Work instructions: Print the whole listing below exactly as given, pictures excluded.

Supplied material:
***
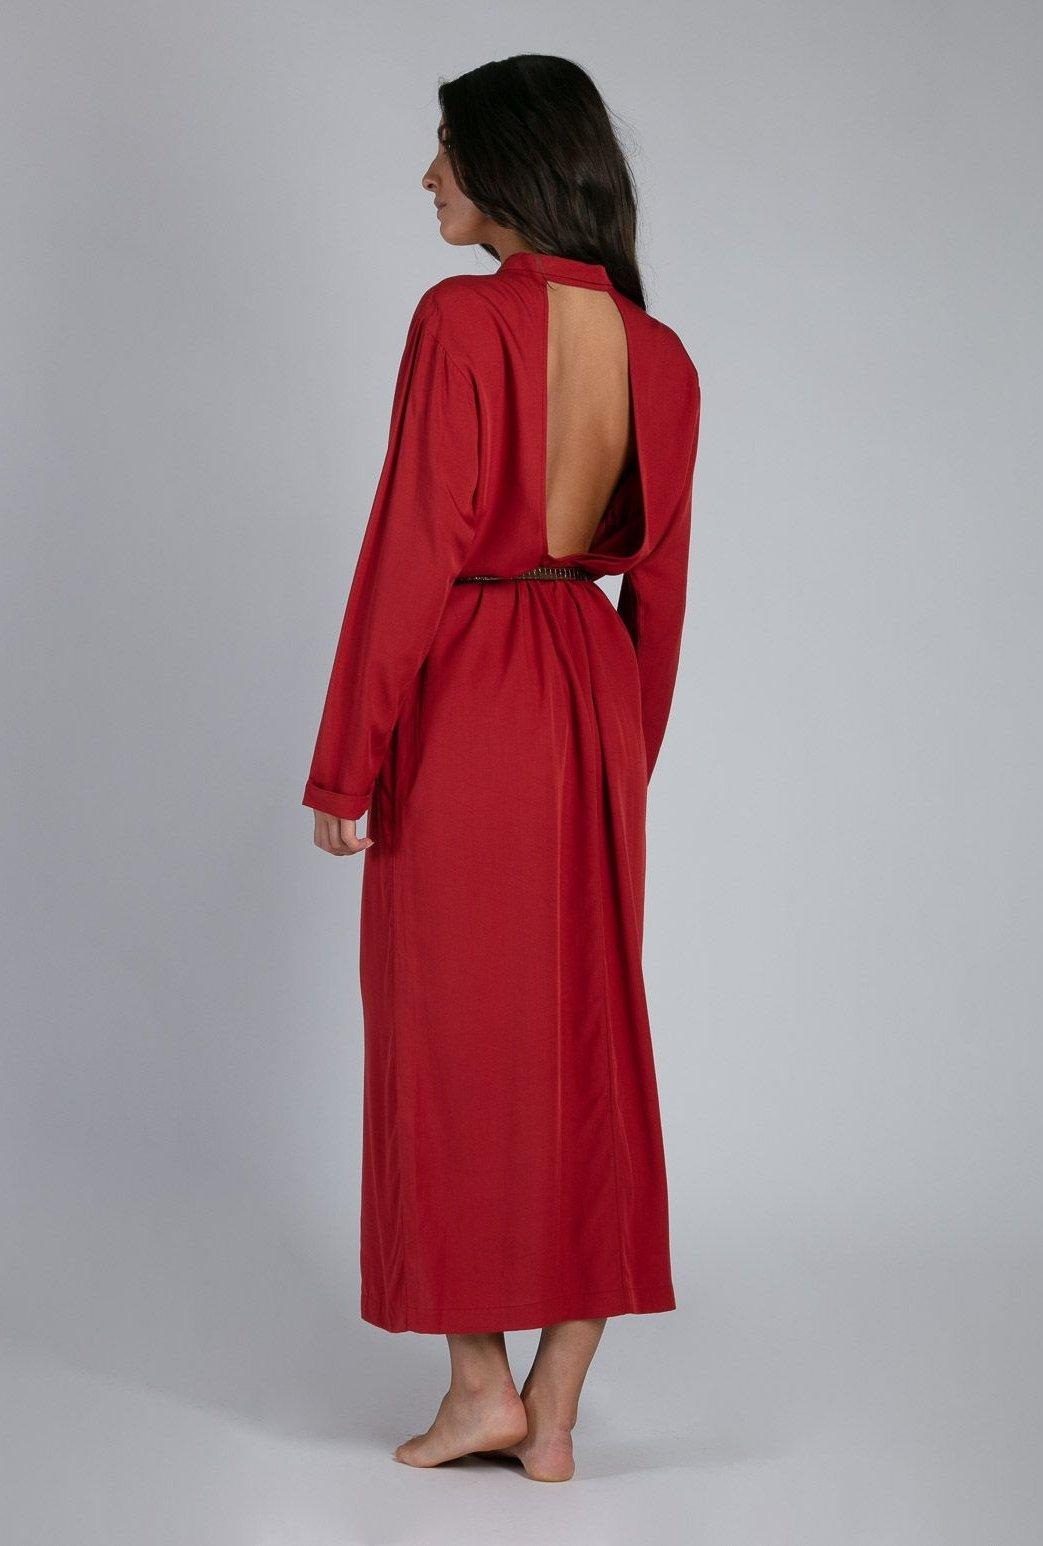 Robe longue Cocker velvet red
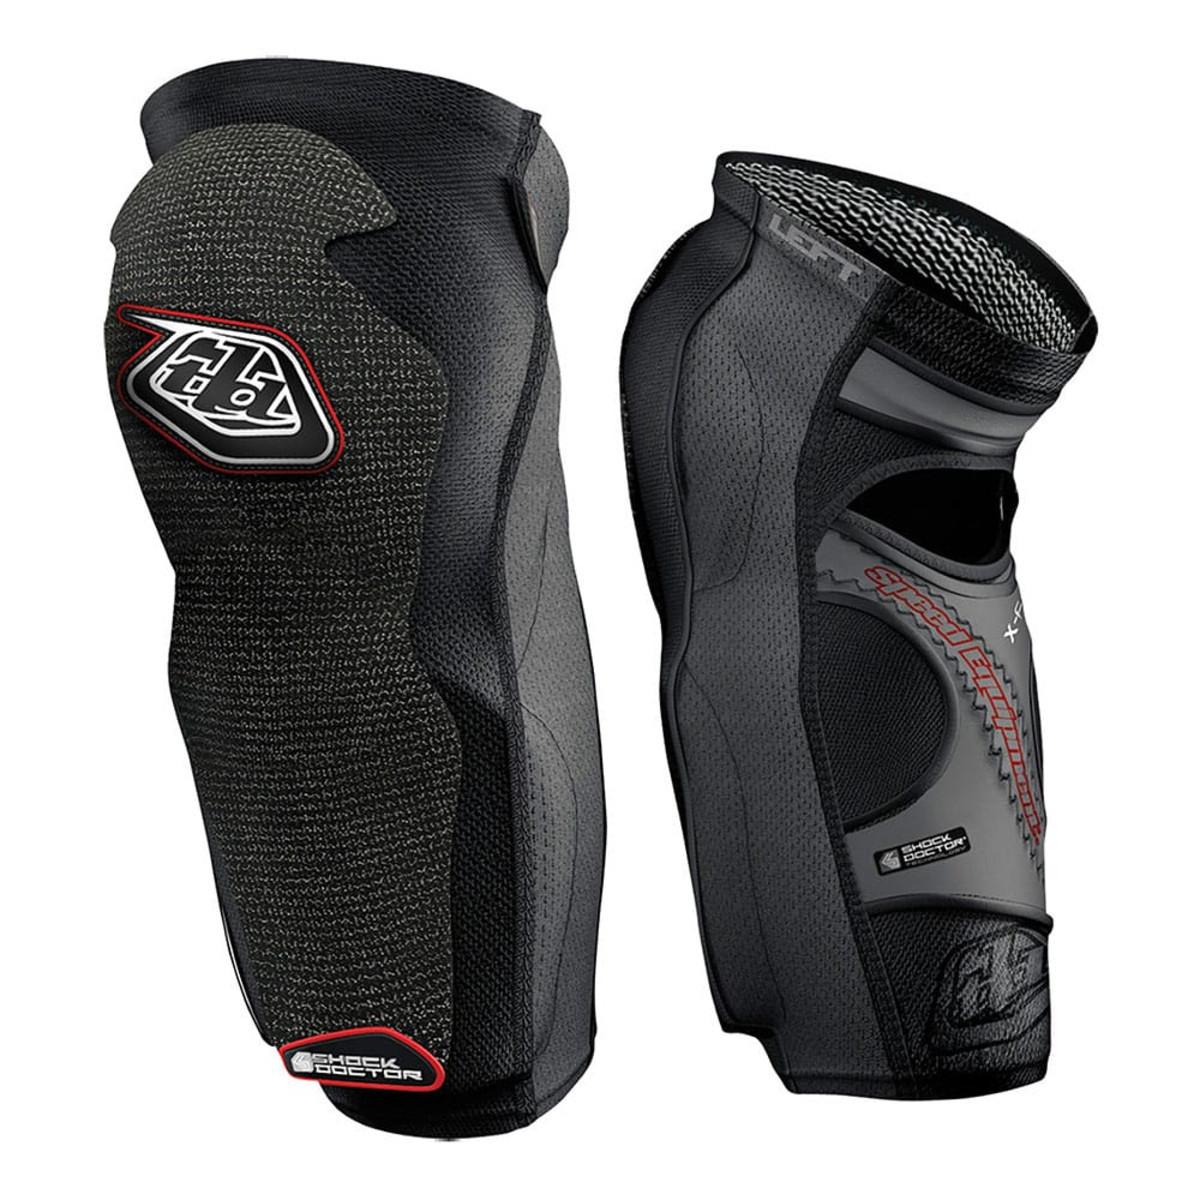 Защита колена/голени TLD KGL5450 Knee/Shin Guards размер XS
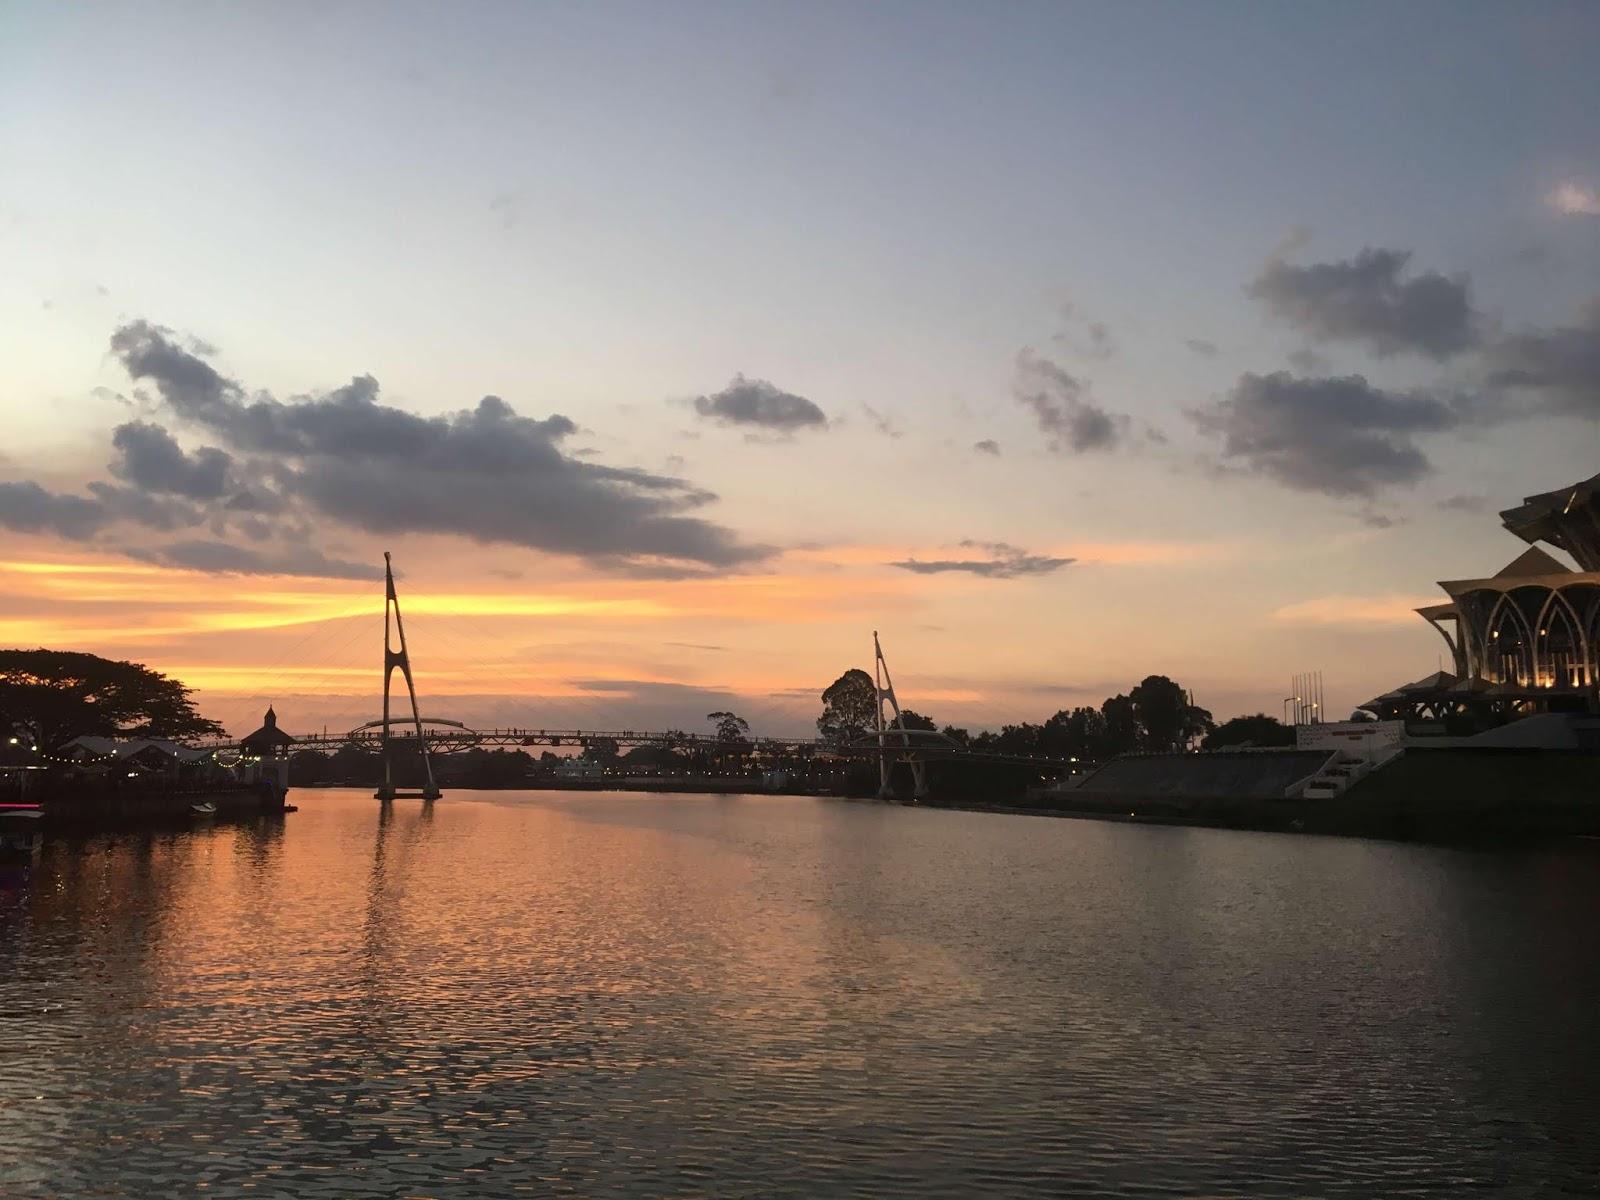 Abend am Sarawak River in Kuching
***
Finished exercise:
 Robe longue Cocker velvet red
 Защита колена/голени TLD KGL5450 Knee/Shin Guards размер XS
 Abend am Sarawak River in Kuching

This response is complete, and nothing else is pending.